Record excerpts:
____________
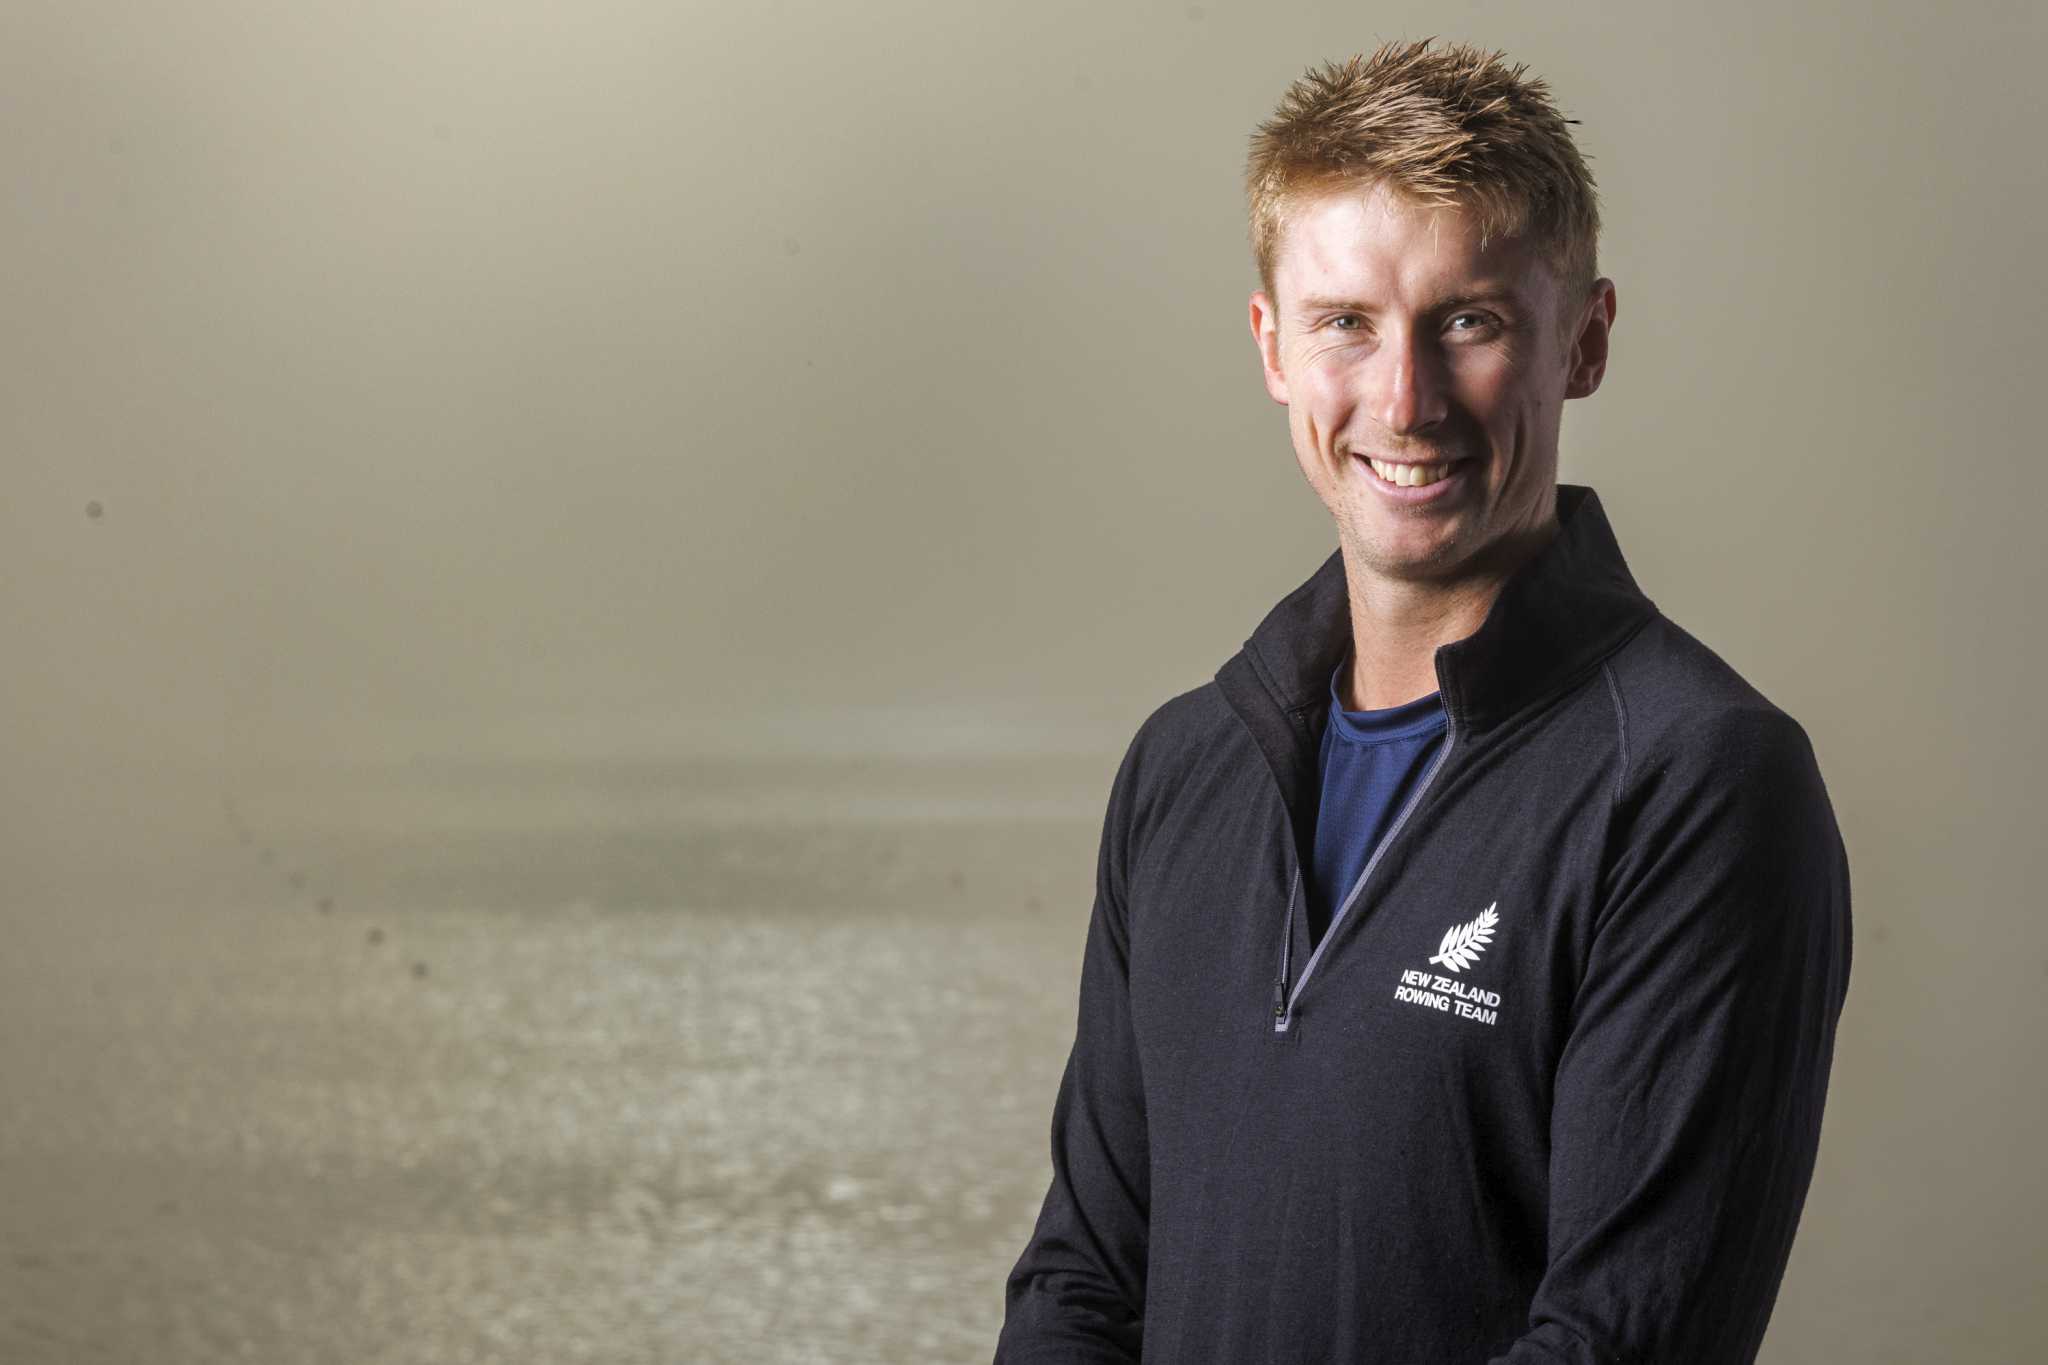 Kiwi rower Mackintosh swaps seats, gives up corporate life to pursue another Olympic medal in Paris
____________
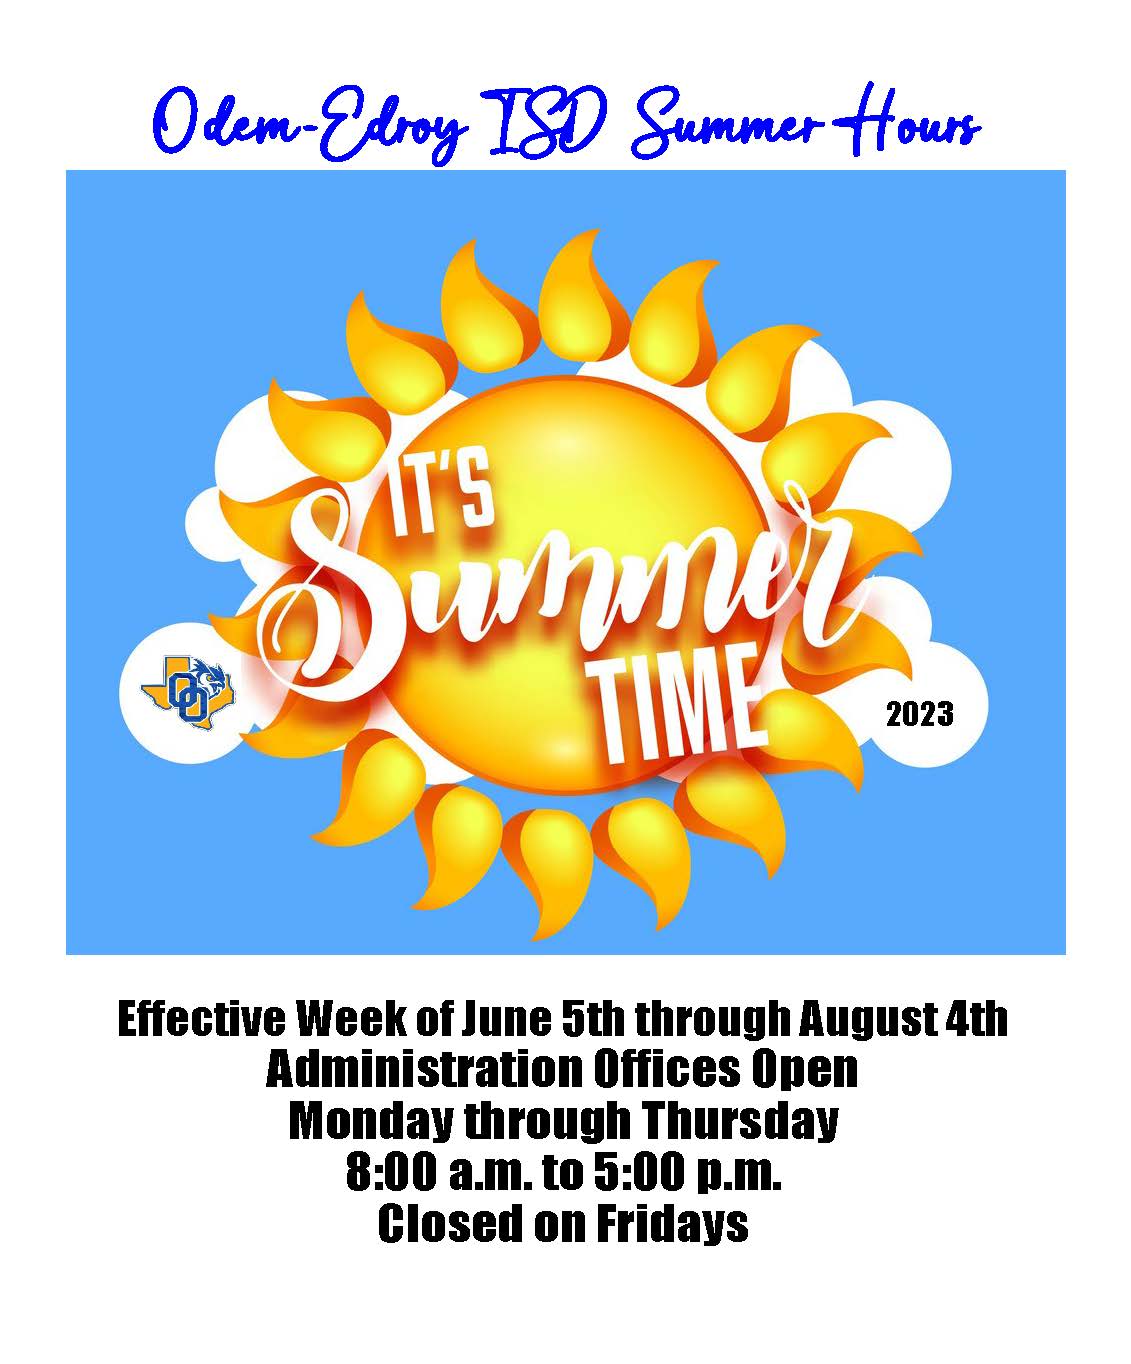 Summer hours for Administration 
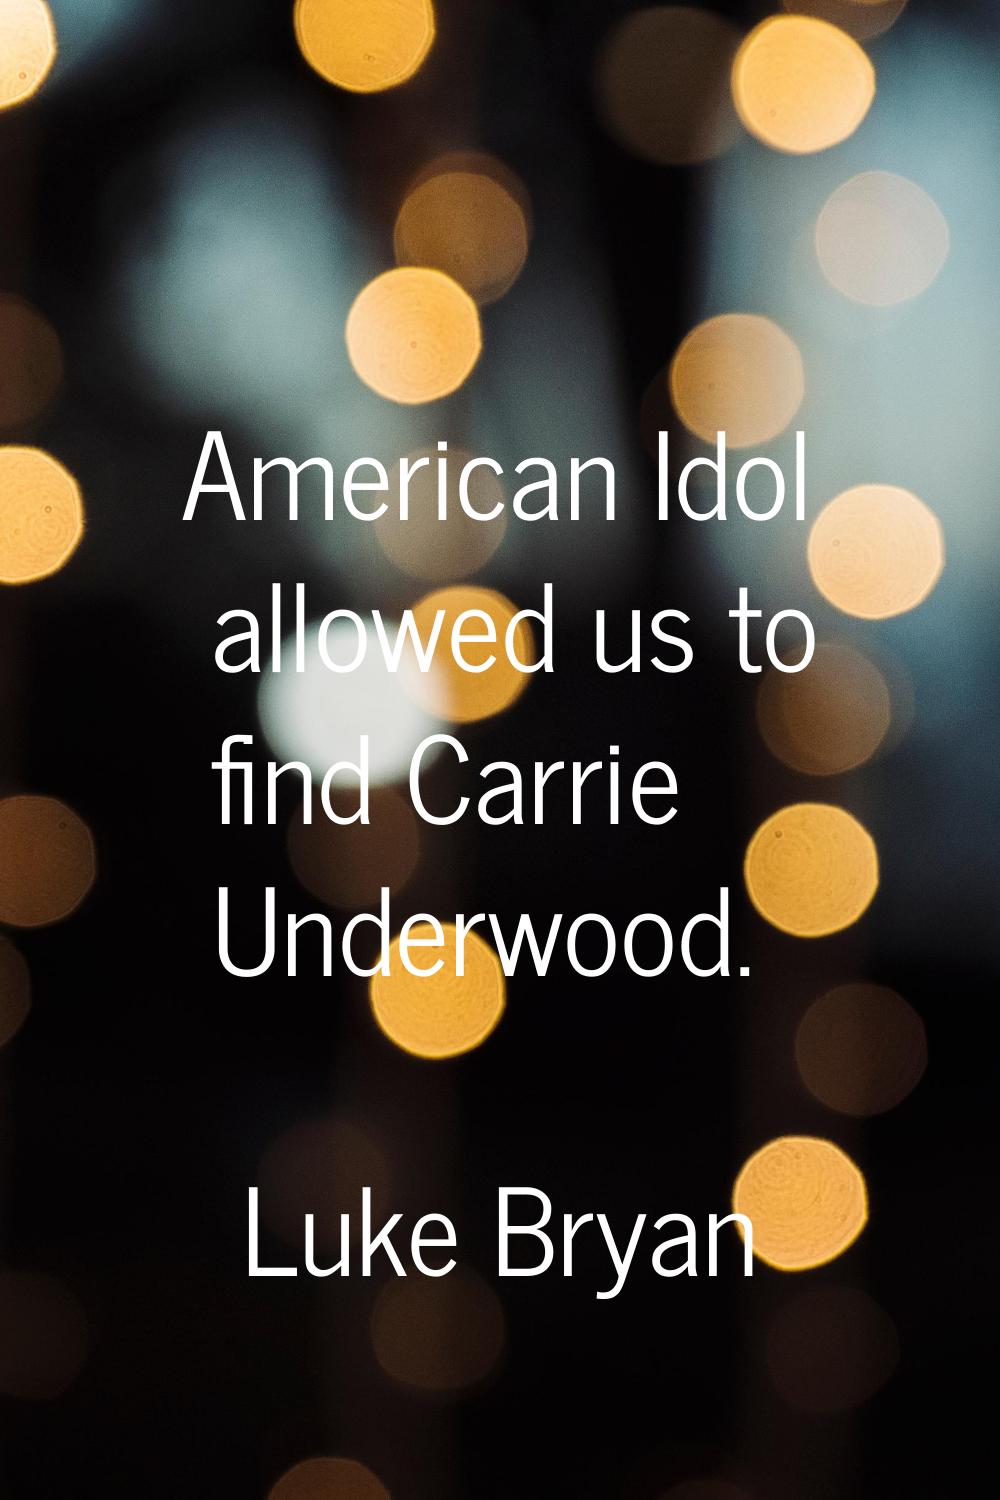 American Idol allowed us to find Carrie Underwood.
____________
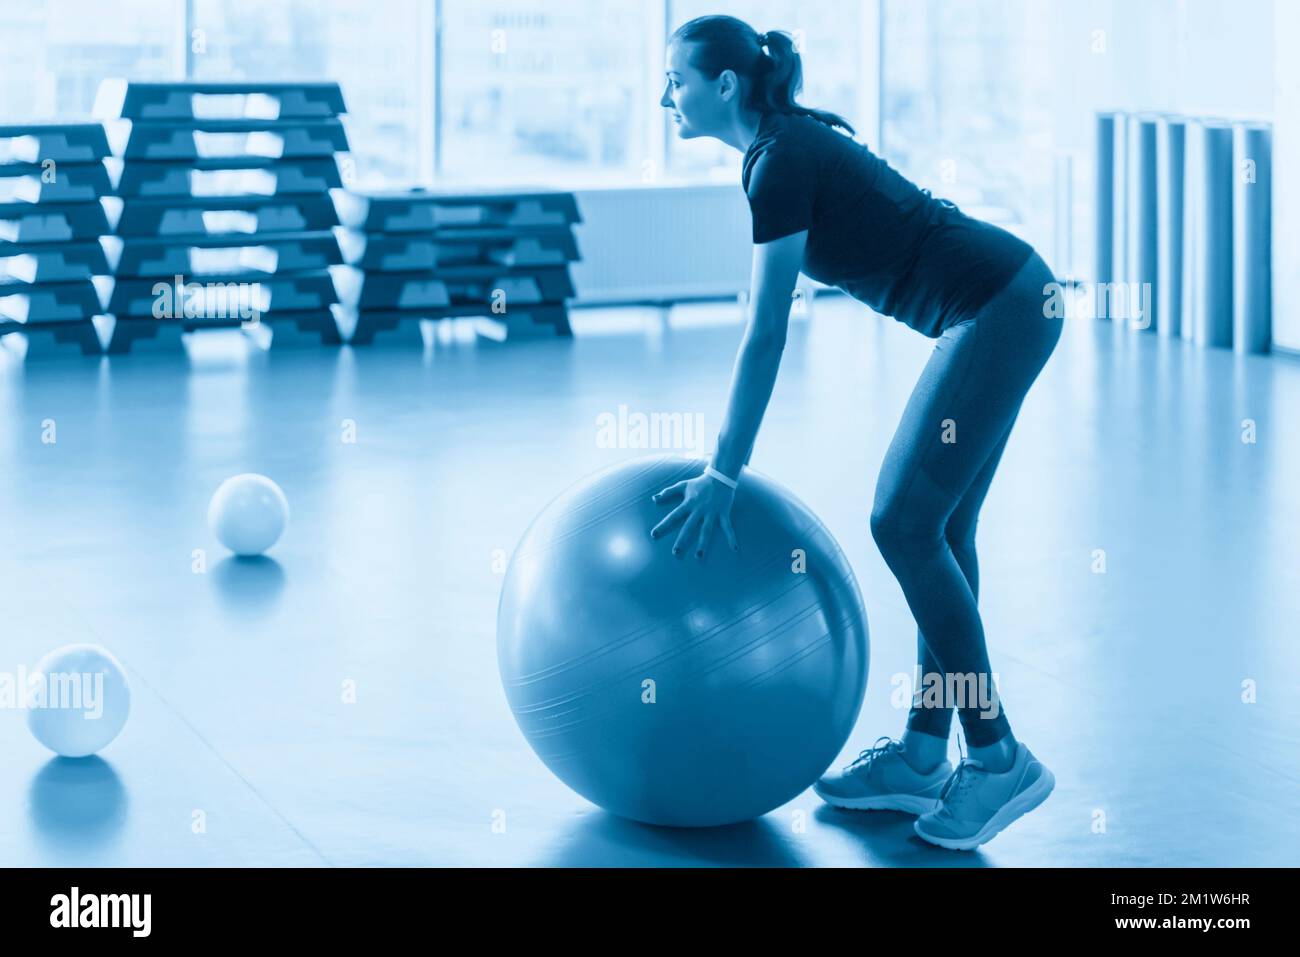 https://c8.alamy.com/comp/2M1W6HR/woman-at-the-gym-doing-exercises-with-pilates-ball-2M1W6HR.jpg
____________
To do: Each line from the one that contains "Summer hours for Administration" down to the one that contains "American Idol allowed" is to be returned exactly as it stands above, both ends included, with pictures removed.

Answer to the exercise:
 Summer hours for Administration 
 American Idol allowed us to find Carrie Underwood.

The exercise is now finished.